(Data records)

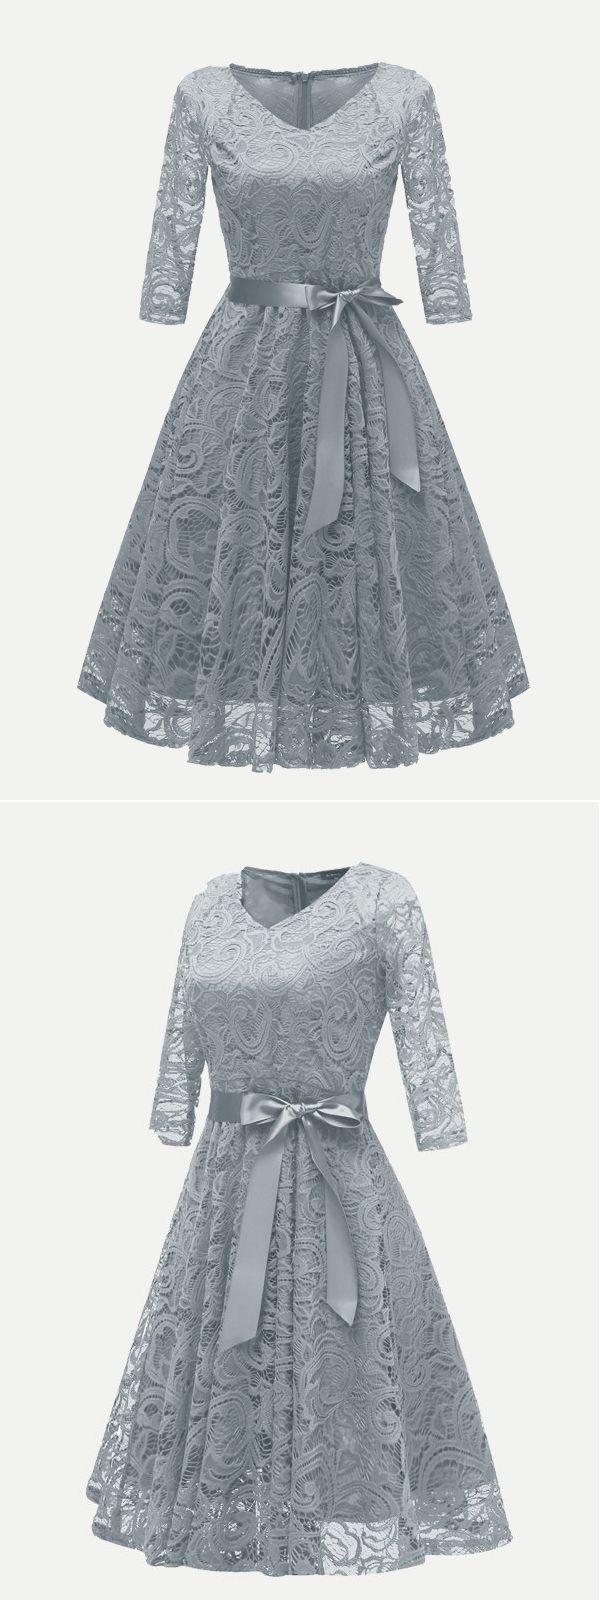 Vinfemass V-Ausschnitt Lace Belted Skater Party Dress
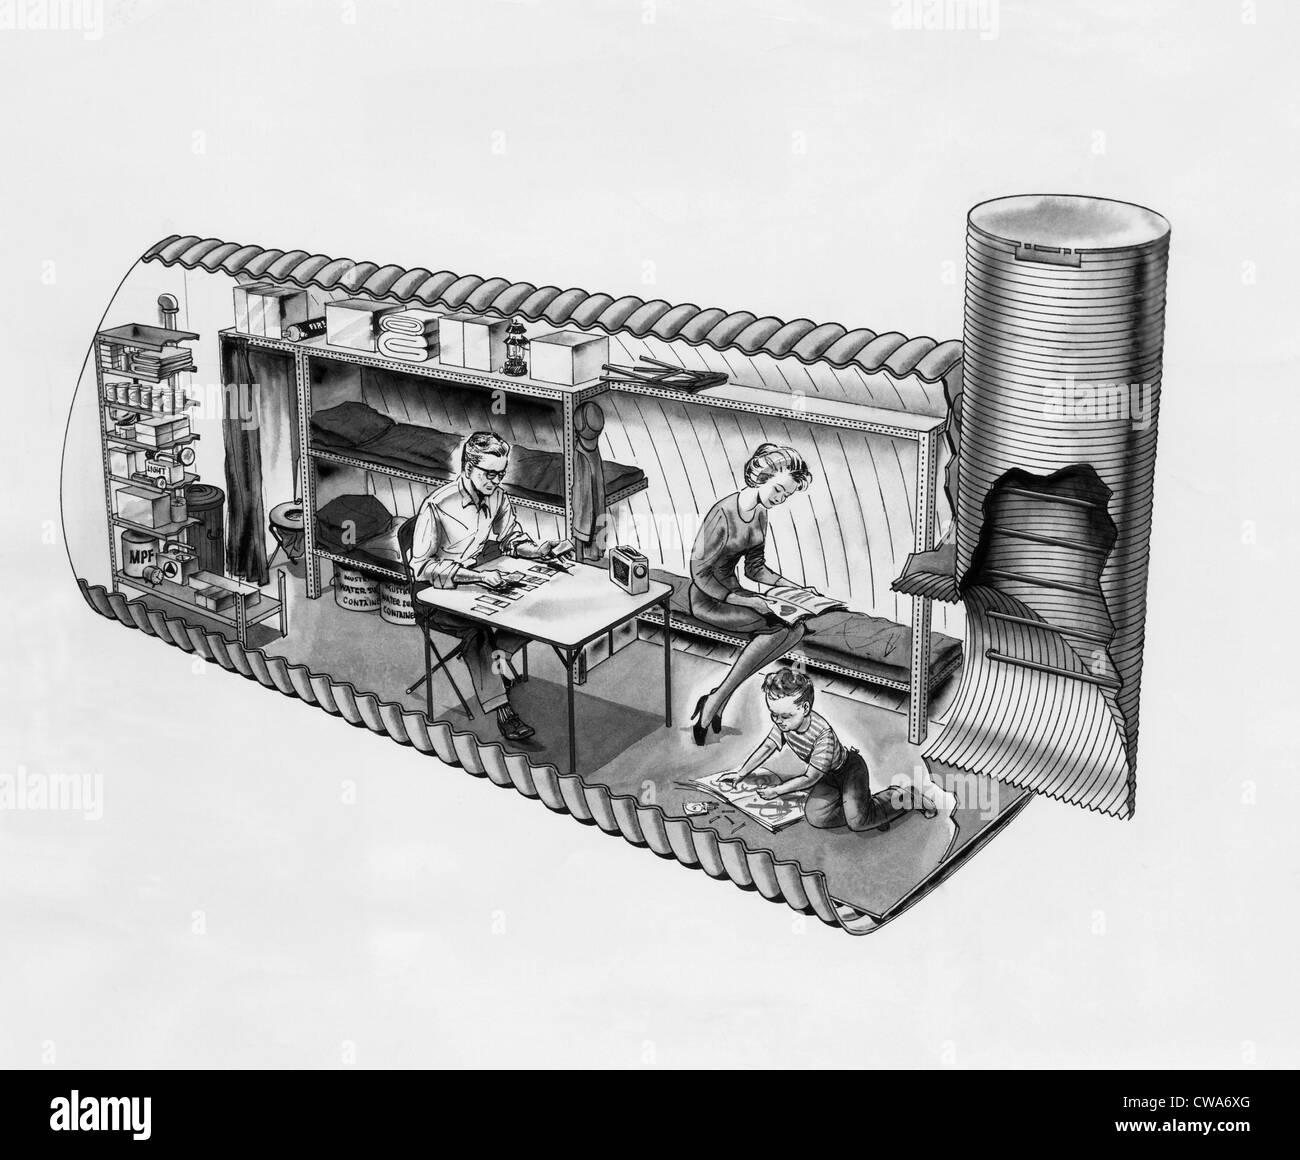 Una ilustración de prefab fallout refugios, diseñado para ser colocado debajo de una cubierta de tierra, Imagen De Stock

(End Data records)
(Data records)

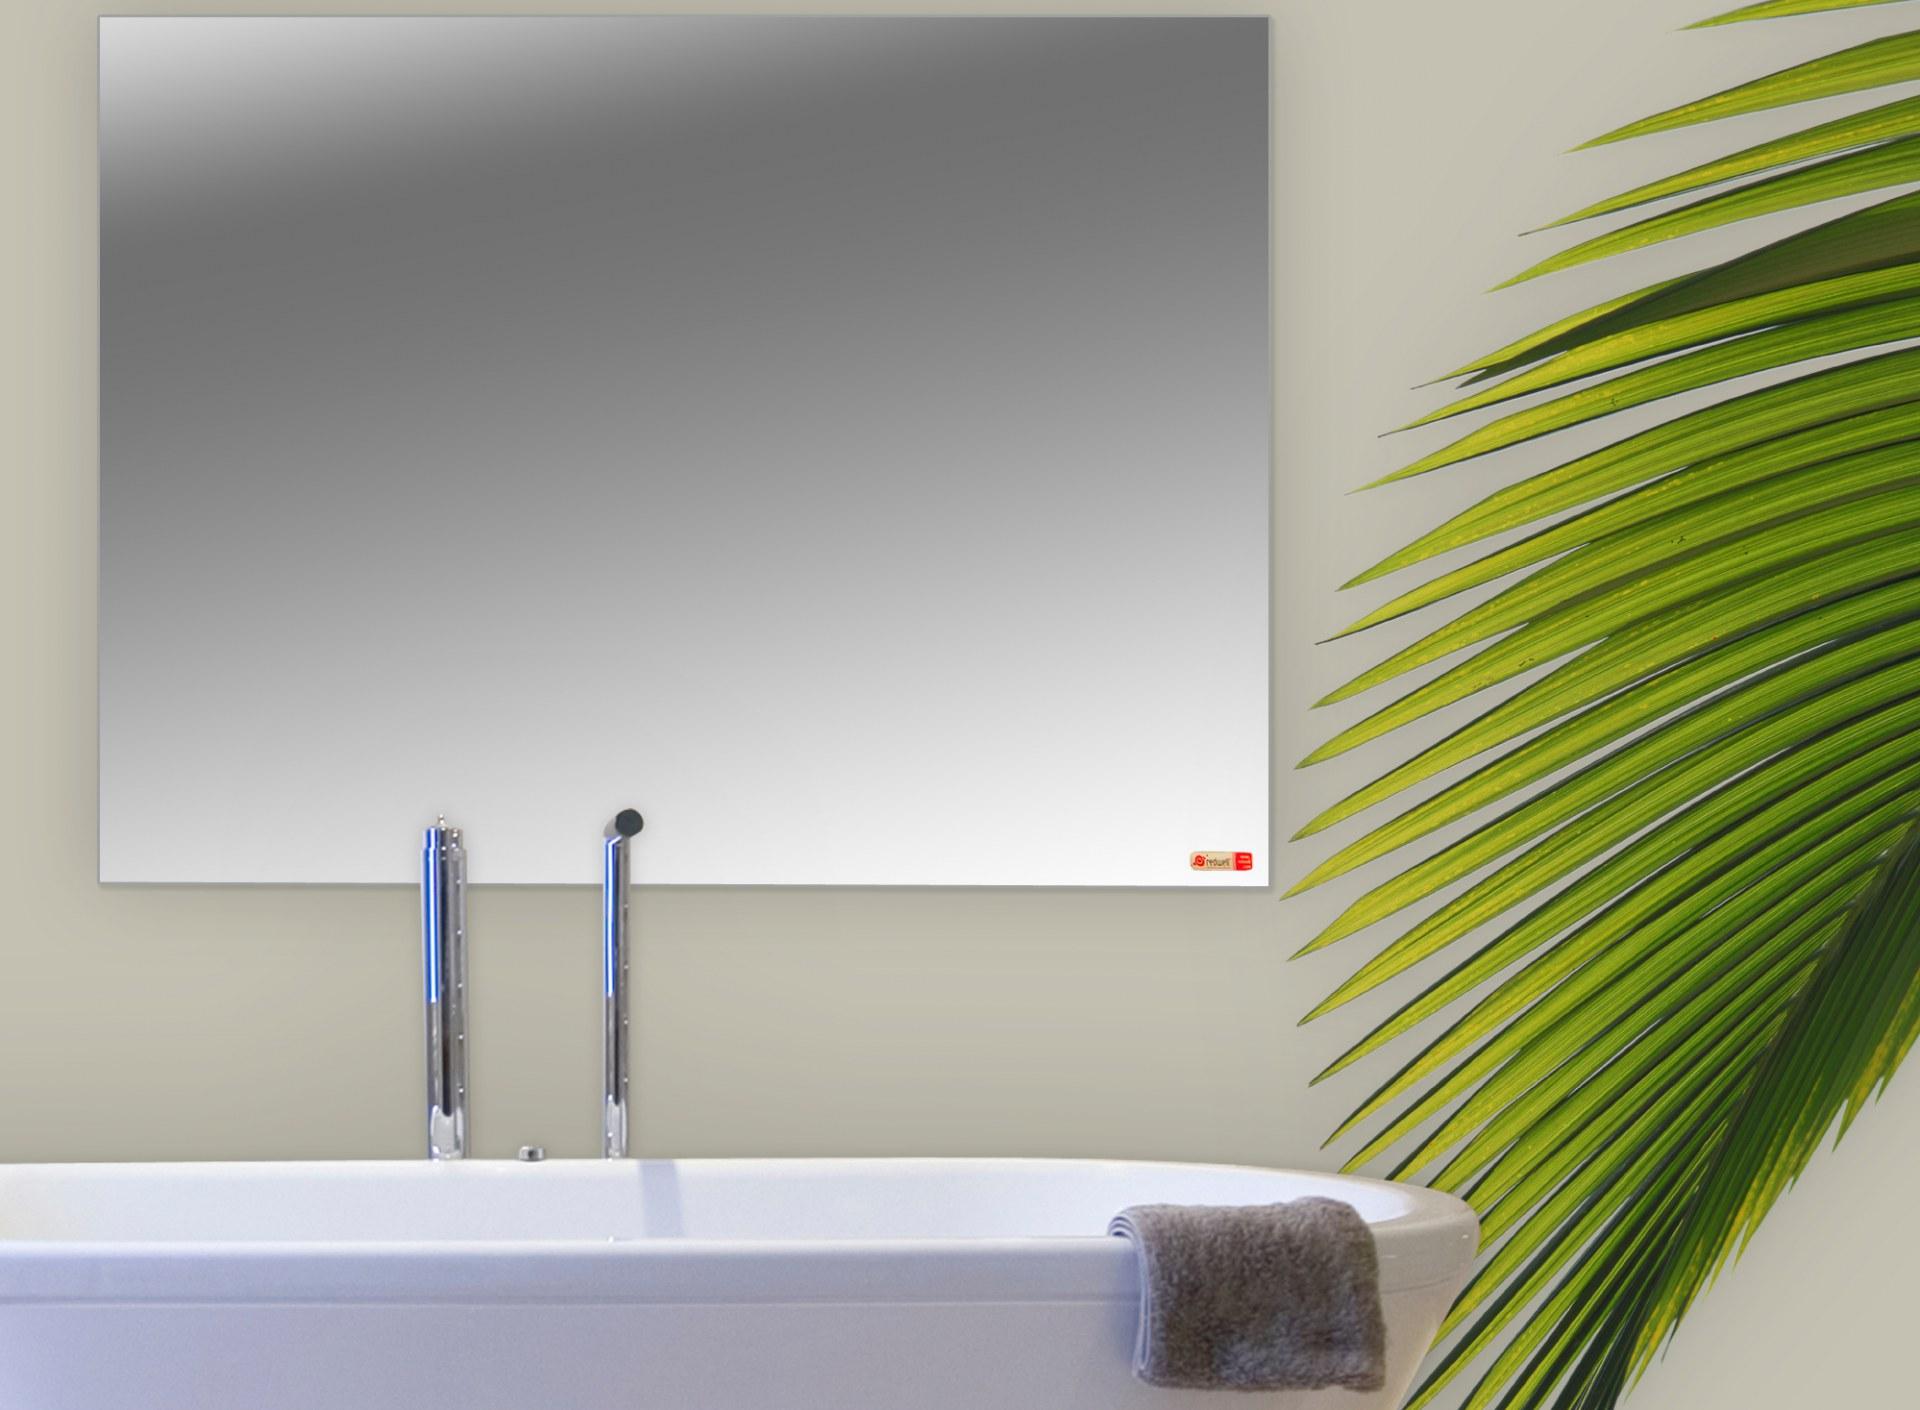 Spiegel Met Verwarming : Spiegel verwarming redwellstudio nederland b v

(End Data records)

#### What needs to be done
In the entries above, find the line with "Vinfemass V-Ausschnitt Lace" and the line with "Una ilustración de". Write out exactly those two lines and every line between them, pictures excluded.

#### Solution for this task
 Vinfemass V-Ausschnitt Lace Belted Skater Party Dress
 Una ilustración de prefab fallout refugios, diseñado para ser colocado debajo de una cubierta de tierra, Imagen De Stock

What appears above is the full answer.